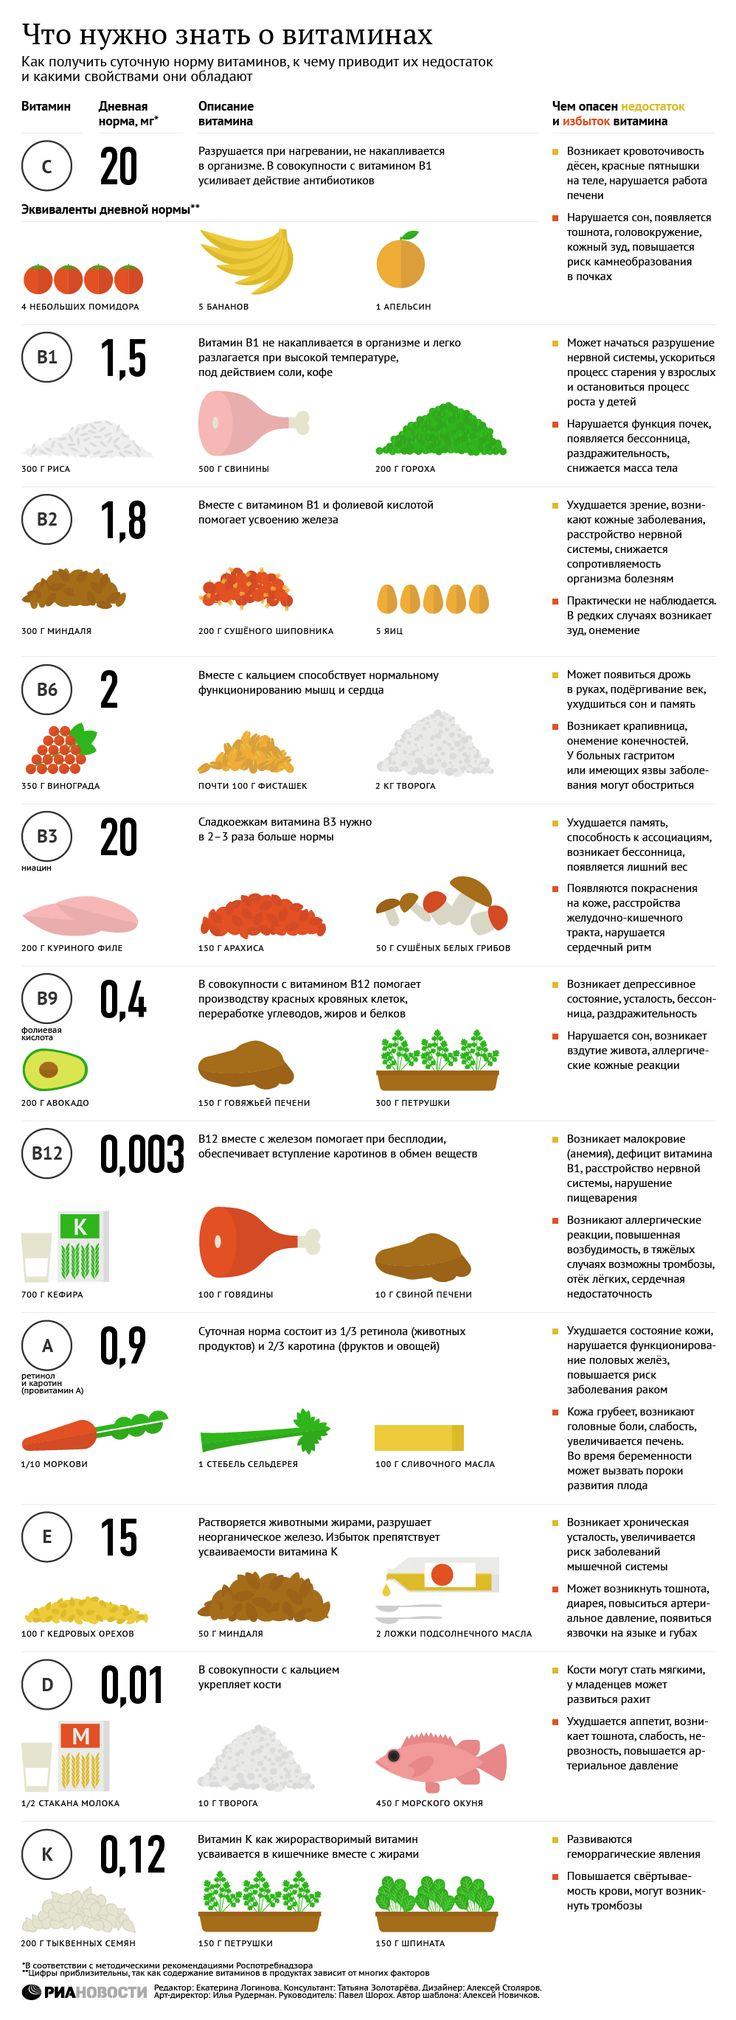 Витамины: что нужно знать каждому
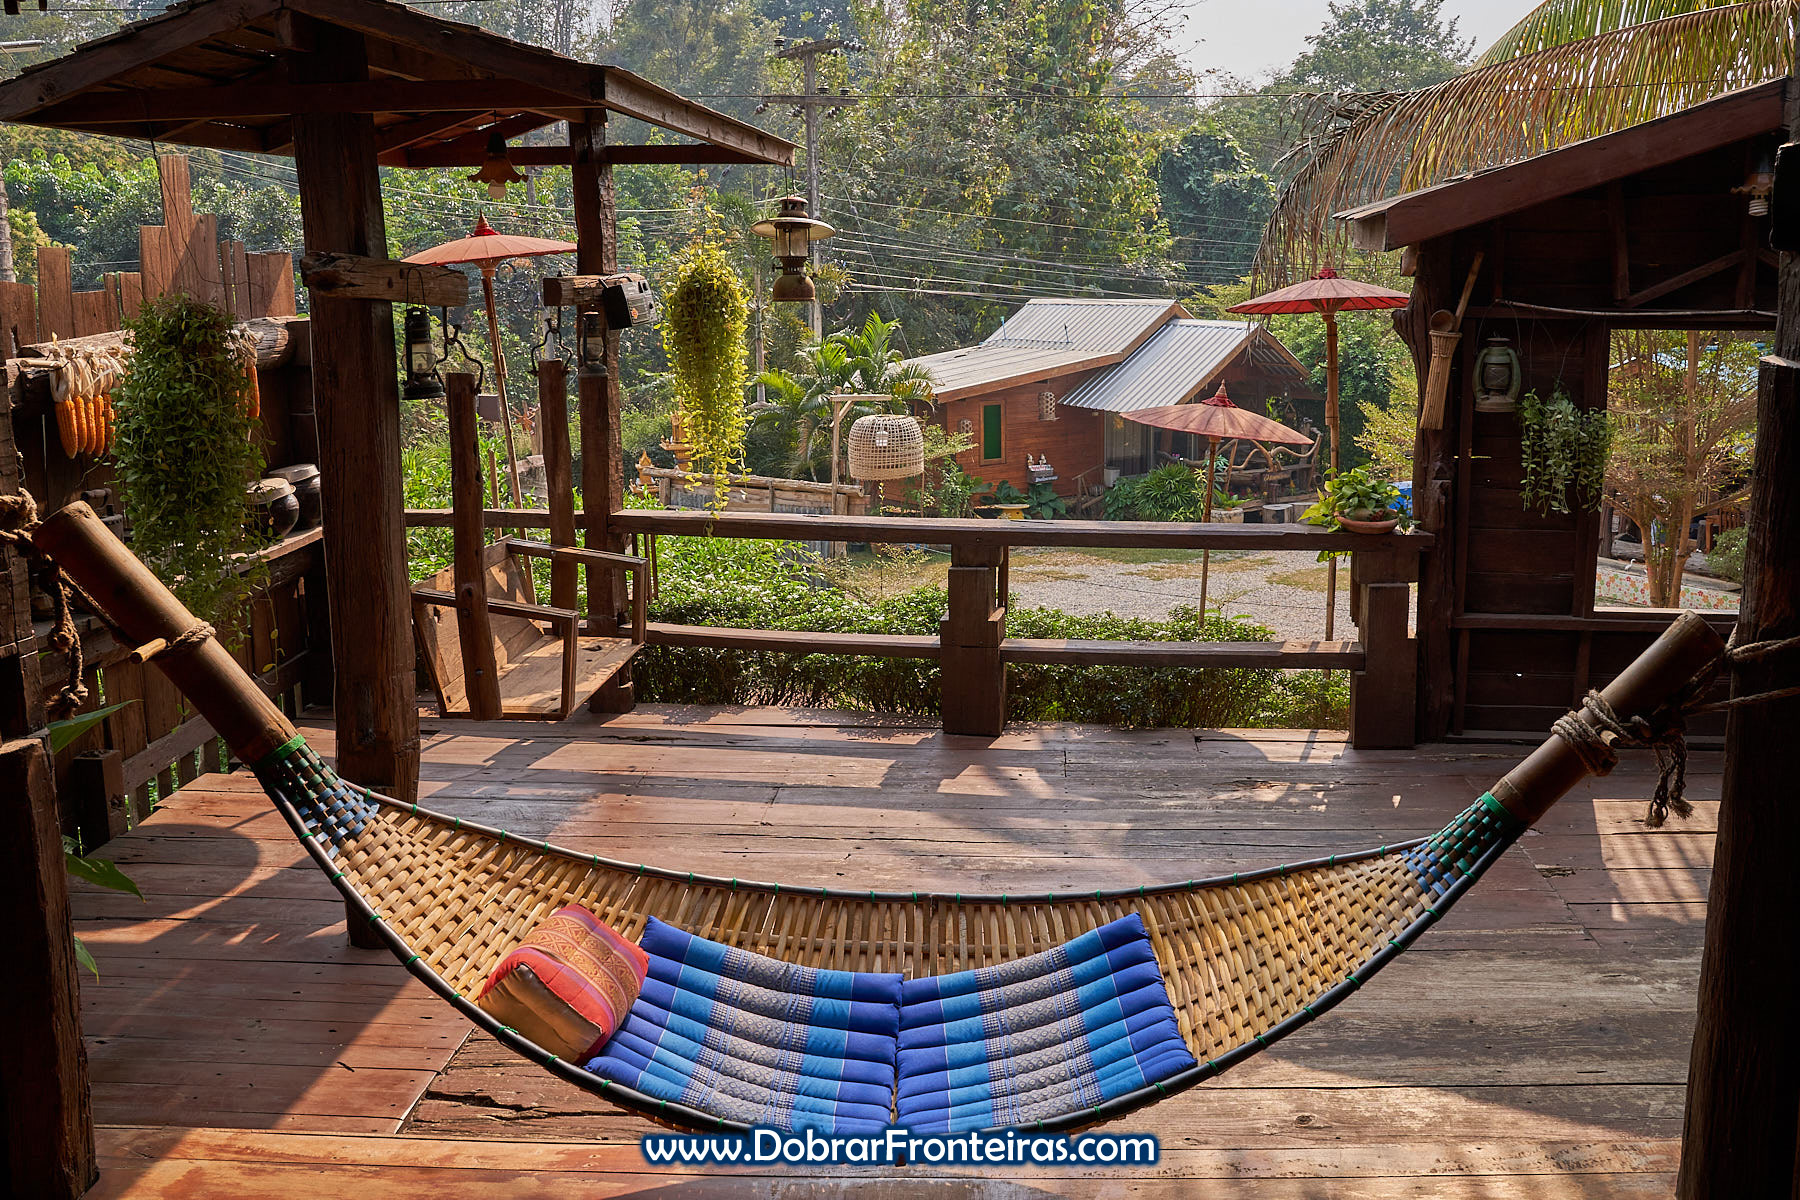 Cama de rede em bambu
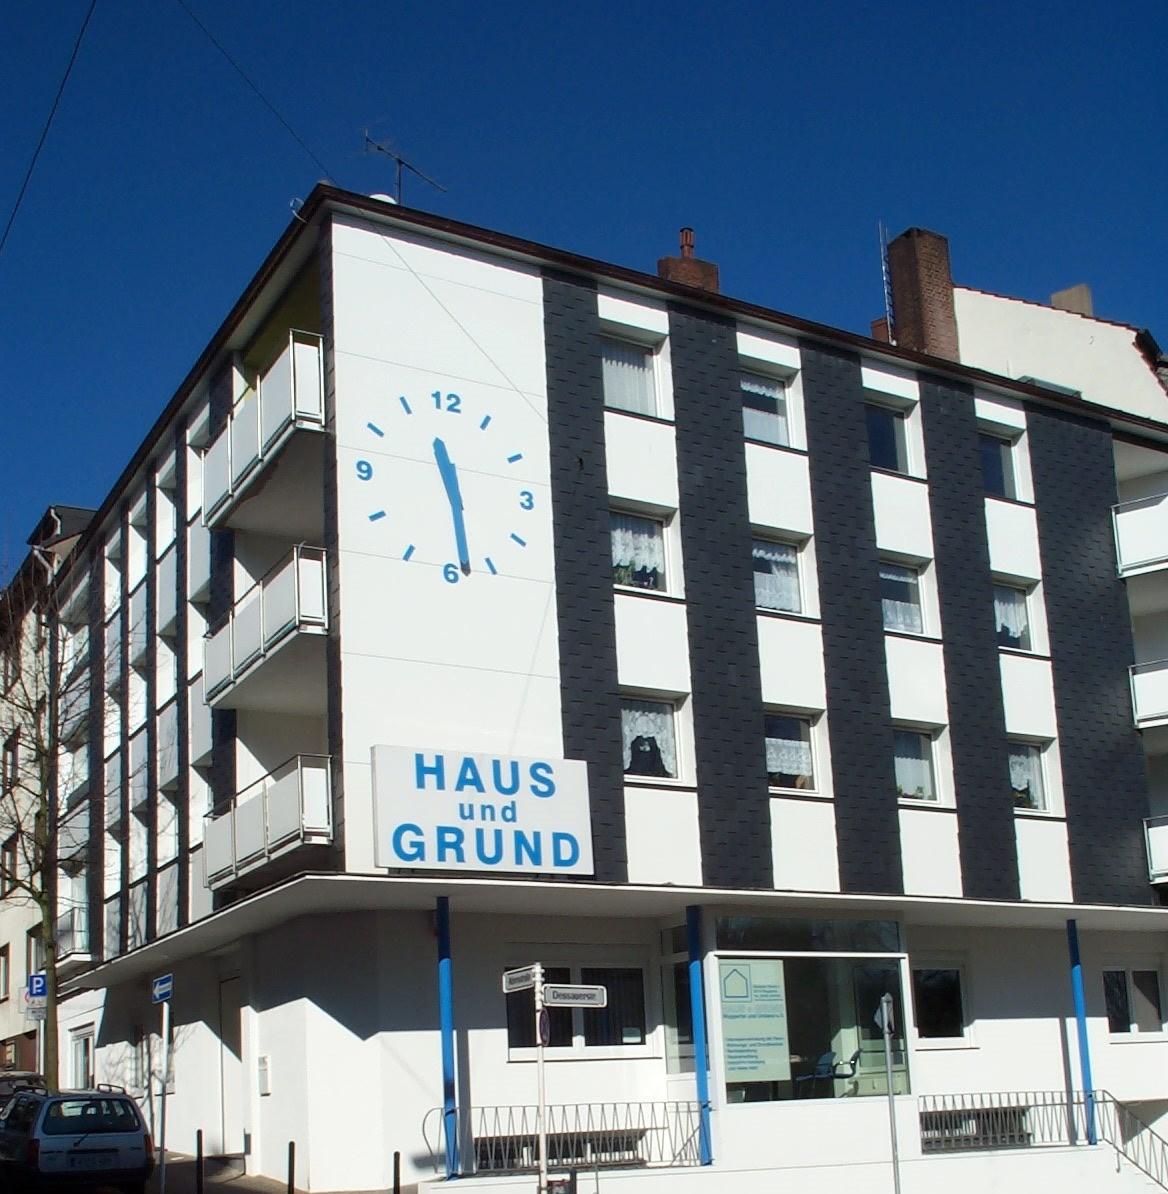 Einfamilienhausmietvertrag Mietvertrag Von Haus Grund: HAUS + GRUND Wuppertal Und Umland Vormals Elberfeld Von
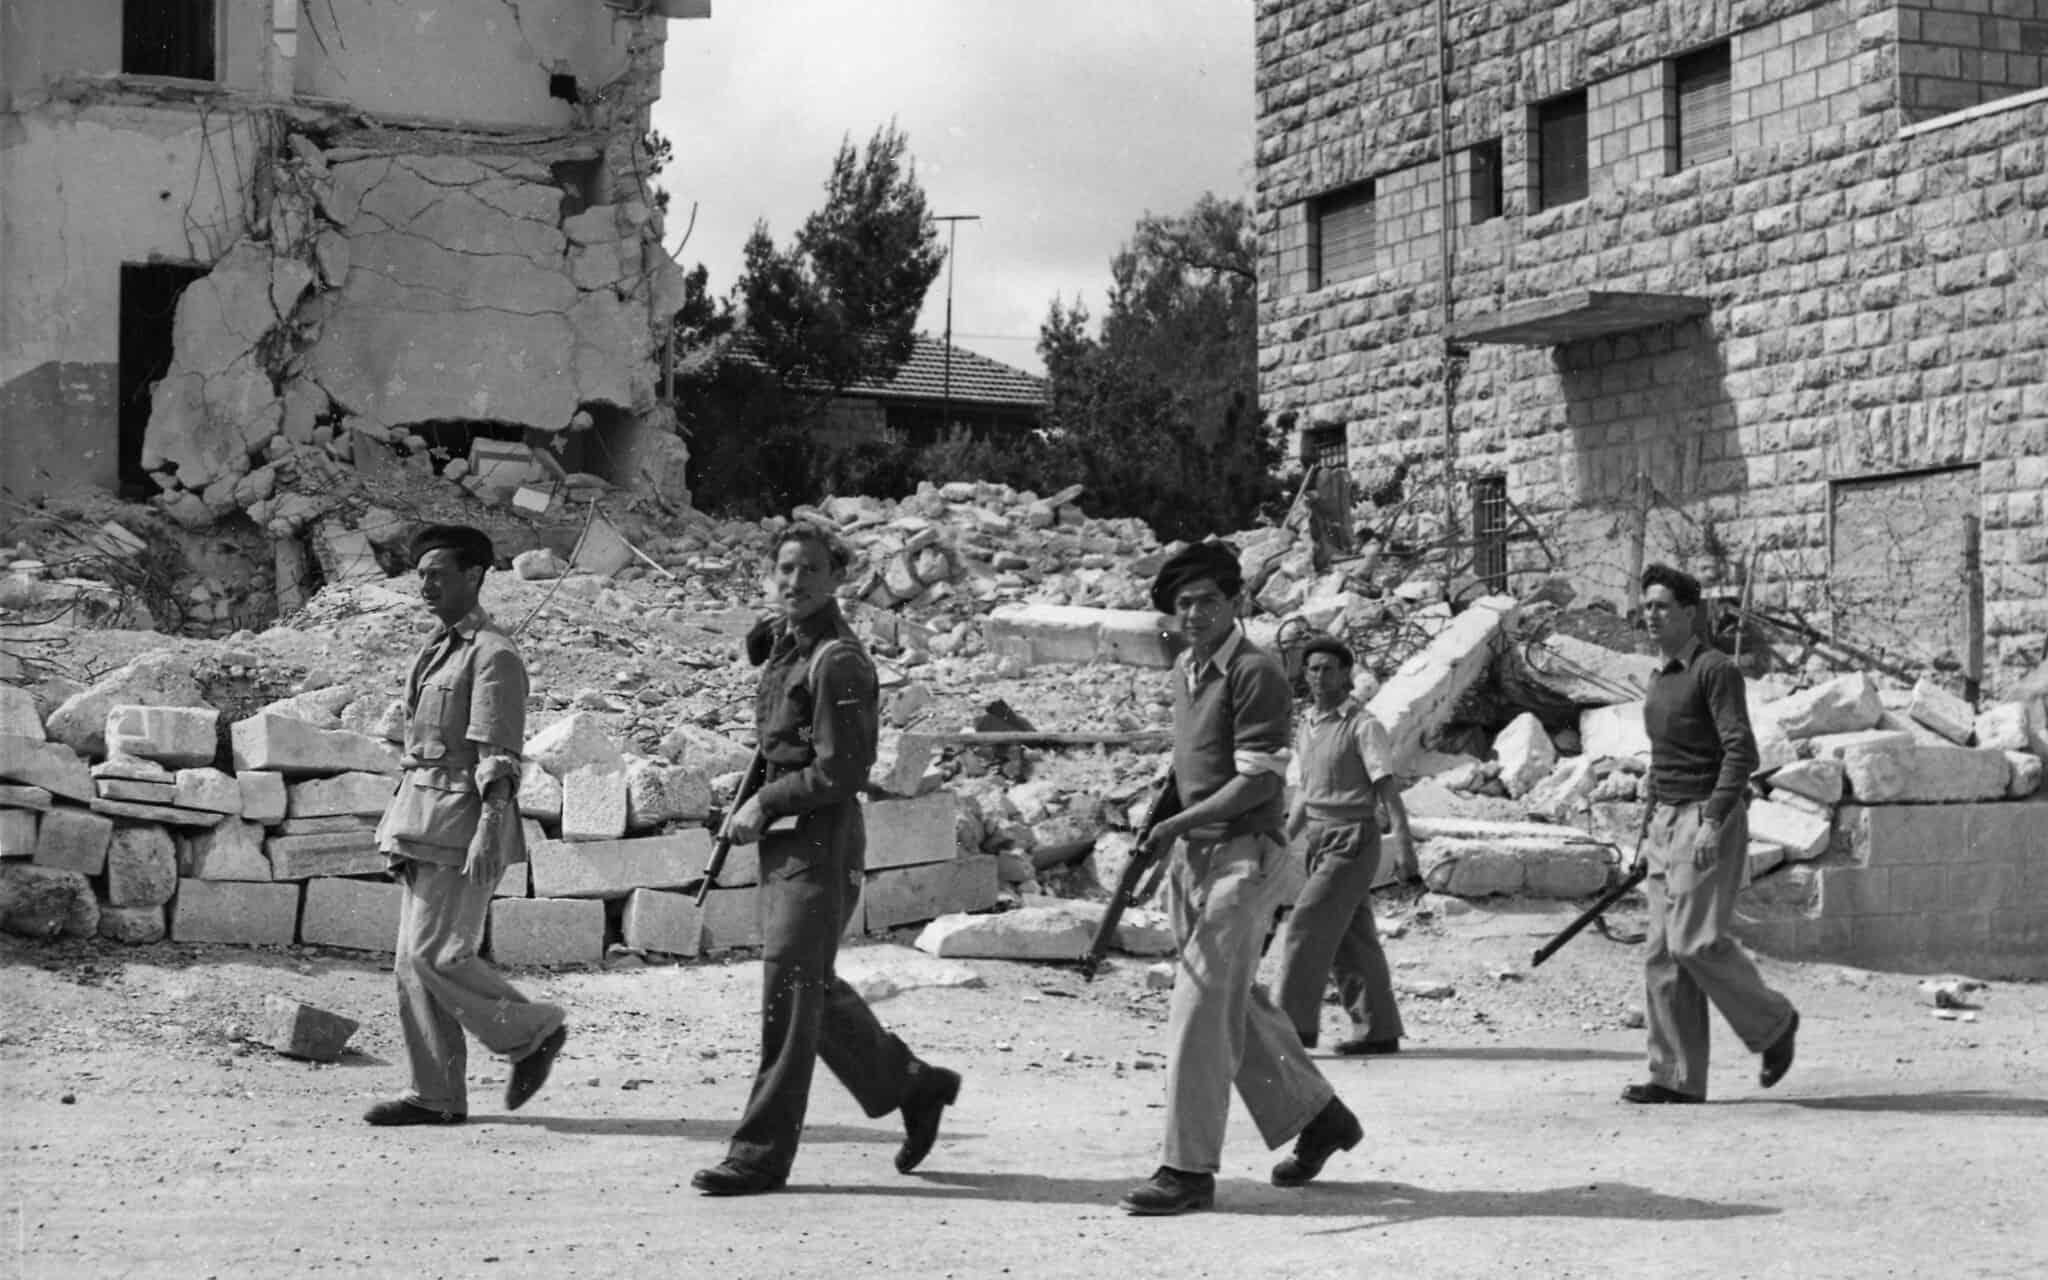 חברי ההגנה מסיירים בשכונת קטמון בירושלים, 6 במאי 1948 (צילום: AP Photo/Pringle)
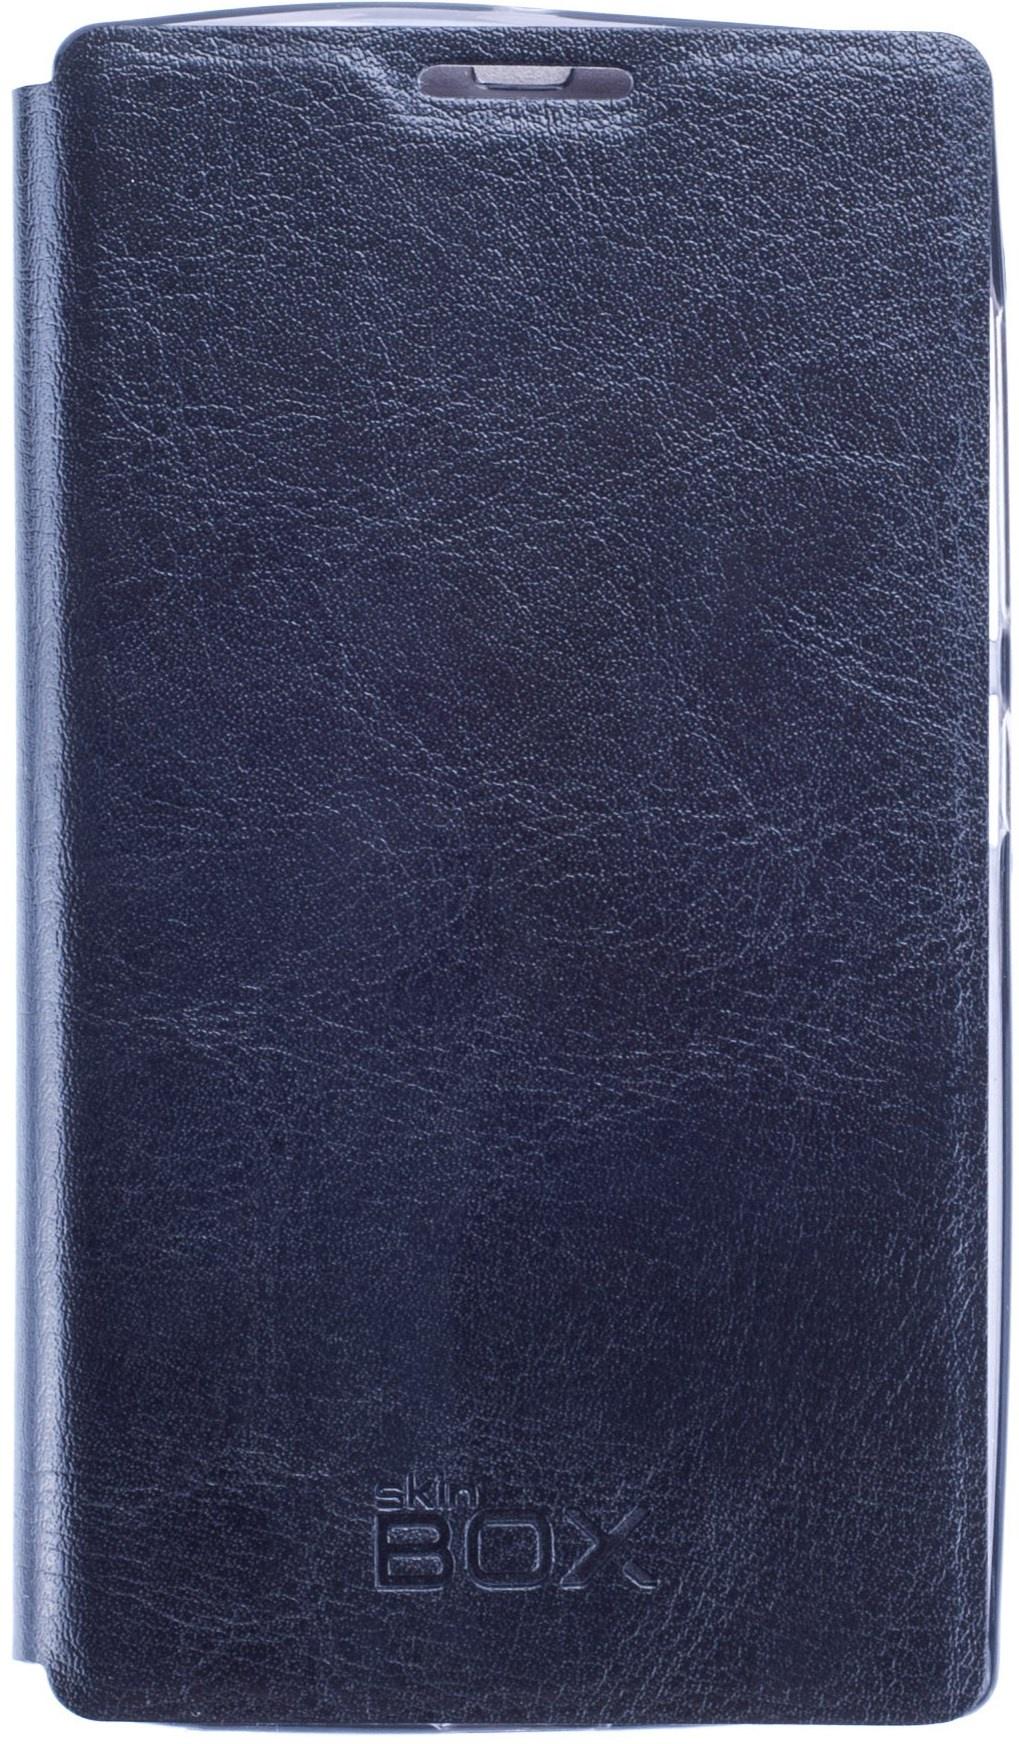 Чехол для сотового телефона skinBOX Lux, 4630042525559, черный
+ + +
» **YOUR OBJECTIVE**
Output the material verbatim, skipping the images.

» **EXERCISE OUTPUT**
 Витамины: что нужно знать каждому
 Cama de rede em bambu
 Einfamilienhausmietvertrag Mietvertrag Von Haus Grund: HAUS + GRUND Wuppertal Und Umland Vormals Elberfeld Von
 חברי ההגנה מסיירים בשכונת קטמון בירושלים, 6 במאי 1948 (צילום: AP Photo/Pringle)
 Чехол для сотового телефона skinBOX Lux, 4630042525559, черный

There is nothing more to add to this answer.